A certainty.
et si tu es faux monsieur?
or words to that effet.
In other words a prognosticator should have several scenarios with several outcomes, depending on the market forces as they will play out. Knowing exactly what will happen involves guessing what governments will do, right or wrong.
What are the alternatives? Once we have seen all of these and the consequences we can pick the most likely one.
One alternative is that there is deflationary pressure. The other one is that there is stagflation. The other is that there is collapsing of debt and treasury notes in value, but the resulting issuance of money to cover results in high inflation and thence high interest. However high interest would mean the collapse of all the overleveraged corporations who cannot sell stuff now. A few of them could get bought out such as the GM's the Salomon Bros, the Goldman Sachs, etc. but you cannot buy out the whole nation. No printing press could go that far. Exactly what would happen here is hard to fathom. We would get massive company failures as financeable goods would disappear and the companies who sell those high priced goods would disappear. This would mean massive unemployment, perhaps 11% to 16%. In this scenario, much like the great depression, gold would rise as it is a competitive money. Gold rises, paradoxically, where either deflationary or inflationary times are drastic. It fluctuates mildly in the interim up with inflation and down with deflation. But in all times of extremities it tends to rise. It is what you would call an emergency metal.
My guess is that in the short term despite drops in credit cost, credit will continue to be hard to get and many businesses will fail because of that. The governments of the world will step in to regulate issuance of credit instruments to leverage debt. Multi layer financial companies will be forced to separate in order not to such clients into too many investment instruments they do not understand or that would create too much debt.
There may be a move to exert more control over central banks. If this happens you may be sure the printing presses green button will be taped over and eventually there will be catastrophic inflation and eventual world wide collapse and failure of the monetary system.
Unless they outlaw gold, it will being to rise as a currency. The Dinar is the only currency I really trust.
The governments of the world are trapped in a quandary. The are in an inextricable situation. Everything that spells wealth in their nations is bought on long term payment plans which are very vulnerable to changes in interest. At the same time, families who are at the root of generating the demand that makes the G76 nations powerful are now workign two to a household and an inordinate amount of their income is going on food, fuel and rent. There is little left over. Increase the family payments and you have disaster. There is no room to double interest rates with GM or the American family. But at present rates the increase in the money supply means constantly rising prices. Incomes cannot cope with this inflationary pressure. Do the G7 nations decrease the money supply by increasing interest rates and thereby make everyone bankrupt? OR rise Wiemar type inflation? Hobbes choice? It is no time for austerity. You do that before you get runaway inflation.

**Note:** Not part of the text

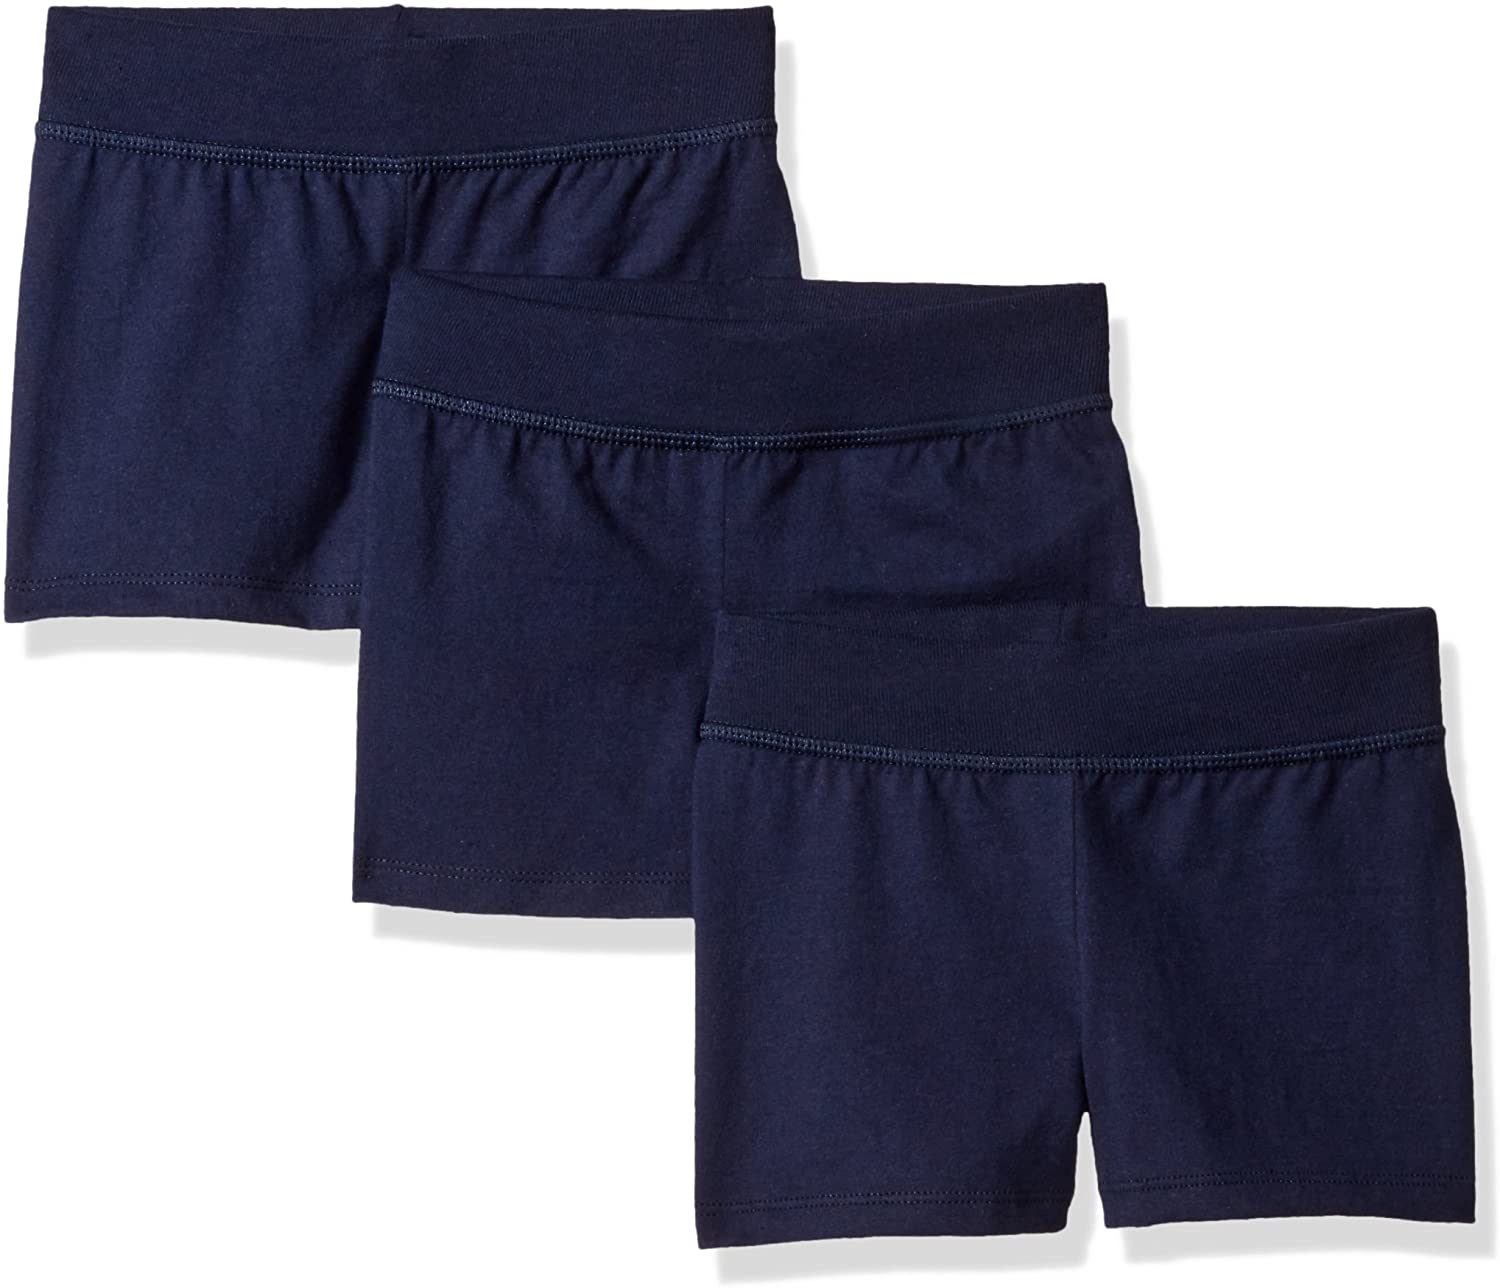 Hanes Little Girls' Jersey Short (Pack of 3) | eBay

The conservatives in Canada did the right thing both under Mulroney and Harper. They paid down the deficit, and decreased inflation. Fundamentally that leaves Canada in a much better place. If we just did not have such a regulatory nightmare, we would have a growing economy. Fat chance of that if the US economy goes south.

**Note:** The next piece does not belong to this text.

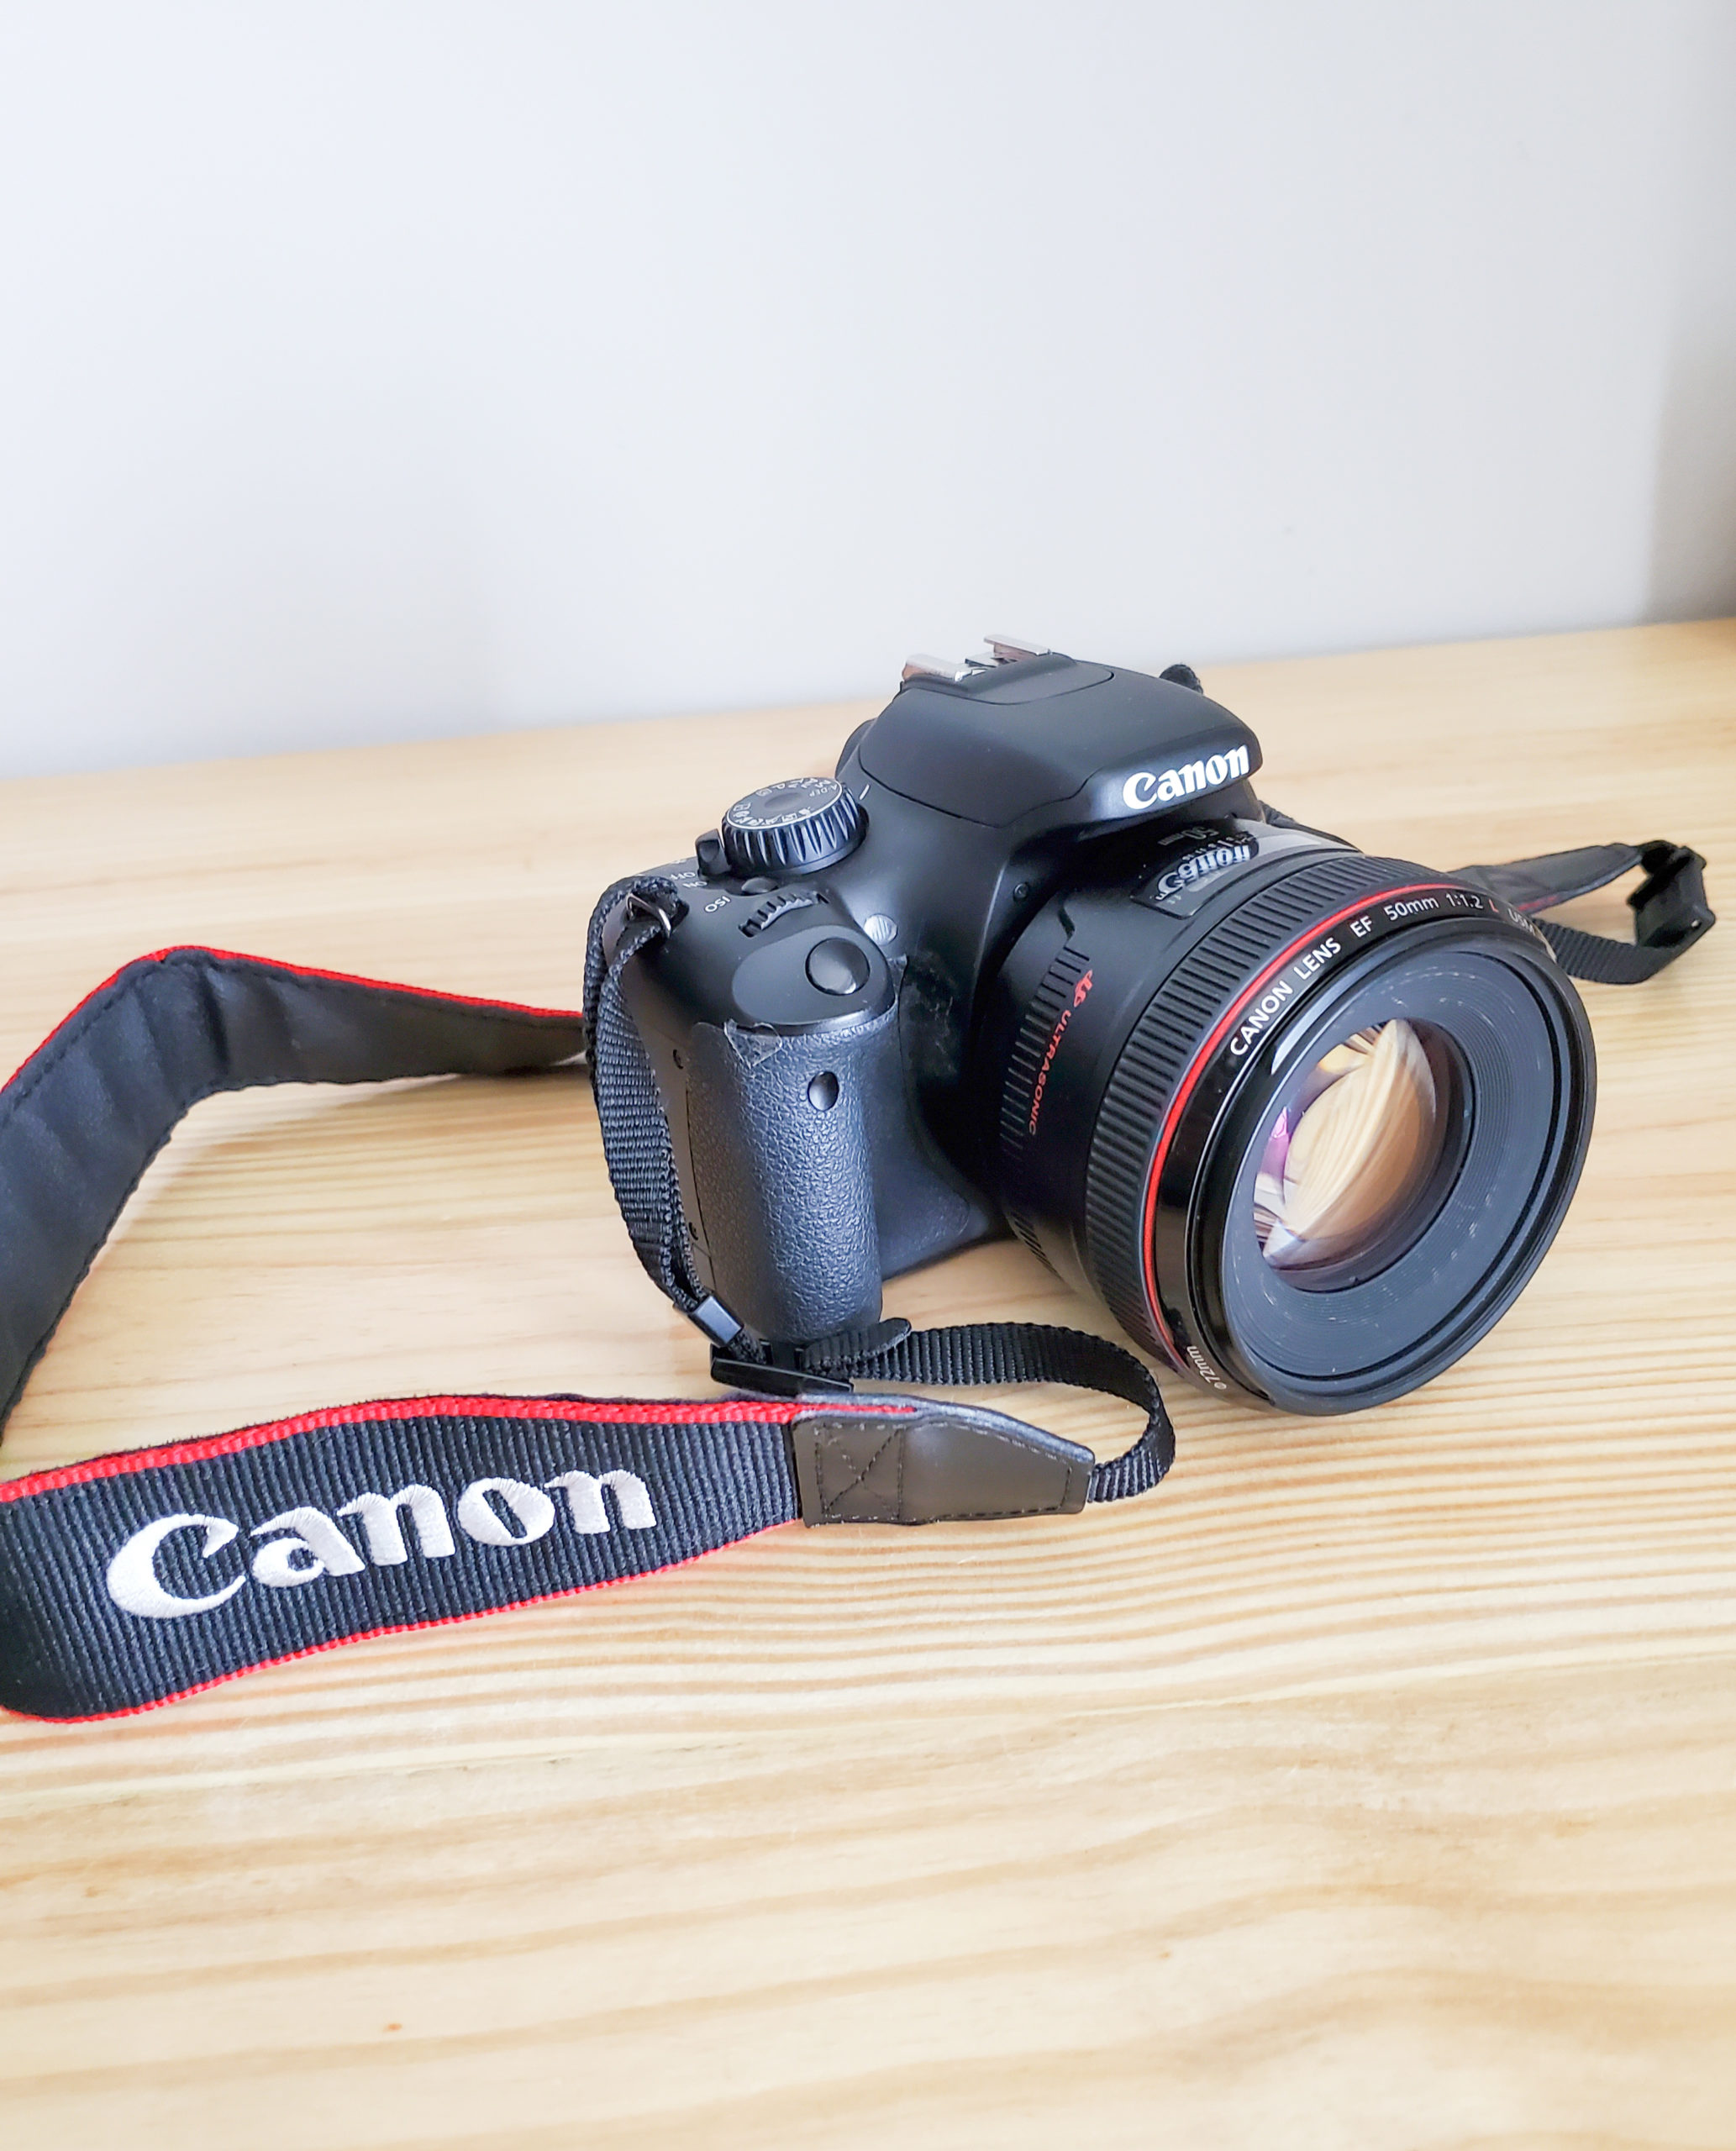 Canon camera for Jenny Macy Photography Photo Sessions

The only thing saving Canada right now is its oil and gas. They are paying they bills. The Tar Sands may save America's ass, and if we can give Chavez the boot, and get their heavy oil developed it could save that country too.
Gold and metals could have put a substantial bottom line boost to Canada's foreign exchange. At one time it was a much larger part of our economy. We let it languish with bad gov't policies and luddite attitudes of our snivel service. We are in no position manpower, training or financial to ramp up our industry. We don't have the miners, the money, the drill database or the markets to develop orebodies. Our biggest miners are owned by foreigners. Their attitude is to sell all the assets they can. They actually have some pretty attractive assets. I know of two base metal assets that exceed 14 billion in metal value even at today's prices and they are lying fallow. For sale. Believe it or not. And one has ALL the infrastructure! They will never be mined. Regs, money, etc.. Where is a body going to get 150 million to develop a base metal mine in the Arctic or even 300 miles from Toronto? and base metals are now falling fast due to hedge fund problems. I don't know if we can ever say to the Chinese, "I know the Comex says $1.80 in copper, but you and I know that is irrelevant, if you want to buy 30,000 tons of the stuff per year, we want $5,000 US per ton."
If we could get $2.50 that would be $3.00 CDN anyway.